Archive Files with Python `tarfile`

Learn how to use Python's tarfile module to create, extract, and inspect tar archives with gzip and bzip2 compression.

7 min read

The tarfile module in the Python standard library creates, reads, and extracts tar archives, including those compressed with gzip (.tar.gz), bzip2 (.tar.bz2), and xz (.tar.xz).

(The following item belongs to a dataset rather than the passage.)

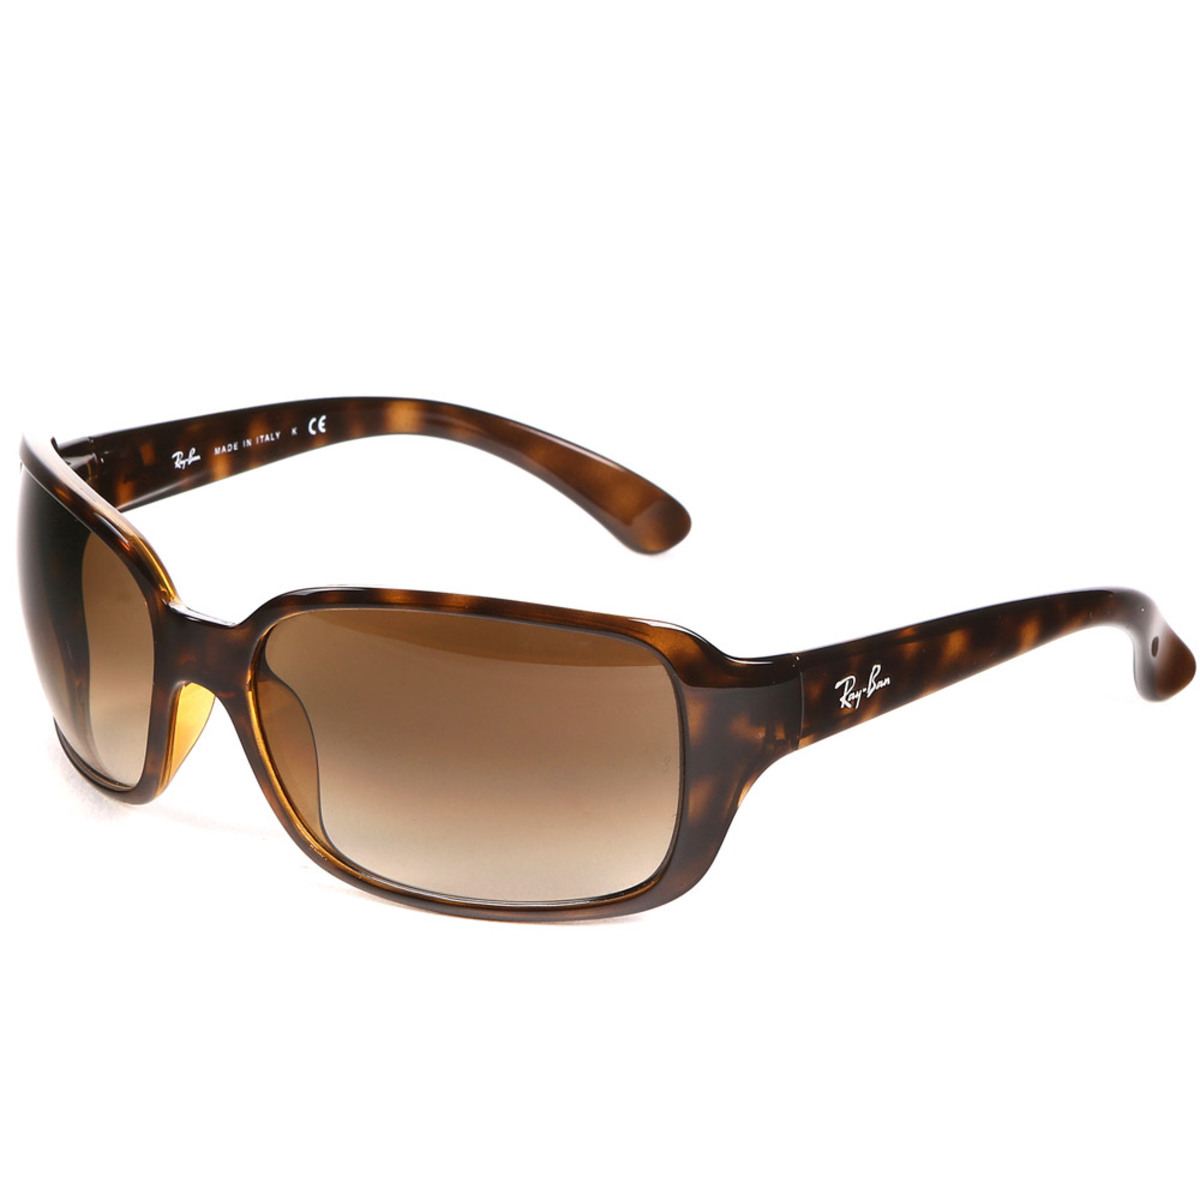 Ray-Ban Tortoise Shell Sunglasses with Brown Lenses, RB40...

Tar is the standard archive format on Unix and Linux systems, commonly used for software distribution, backups, and long-term storage.

pythonpython
import tarfile
 
with tarfile.open("backup.tar.gz", "w:gz") as archive:
    archive.add("data.csv")
    archive.add("notes.txt")
 
print("Archive created")  # Archive created

tarfile.open("backup.tar.gz", "w:gz") creates a new gzip-compressed tar archive. The :gz suffix adds compression. archive.add("data.csv") adds that file to the archive.

Creating tar archives

Unlike zipfile, tarfile bakes the compression choice directly into the mode string you pass when opening the archive. The mode string controls compression. The w means write, and the suffix after : specifies the compression method.

pythonpython
import tarfile
 
files = ["data.csv", "notes.txt", "config.json"]
 
with tarfile.open("project.tar.gz", "w:gz") as archive:
    for filename in files:
        archive.add(filename)
    print("Archive created with gzip compression")
ModeFormatExtension
"w"Uncompressed tar.tar
"w:gz"Gzip compressed.tar.gz or .tgz
"w:bz2"Bzip2 compressed.tar.bz2
"w:xz"XZ/LZMA compressed.tar.xz

Gzip is fast and widely compatible. Bzip2 typically produces smaller archives but is slower. XZ gives the best compression ratio but is the slowest.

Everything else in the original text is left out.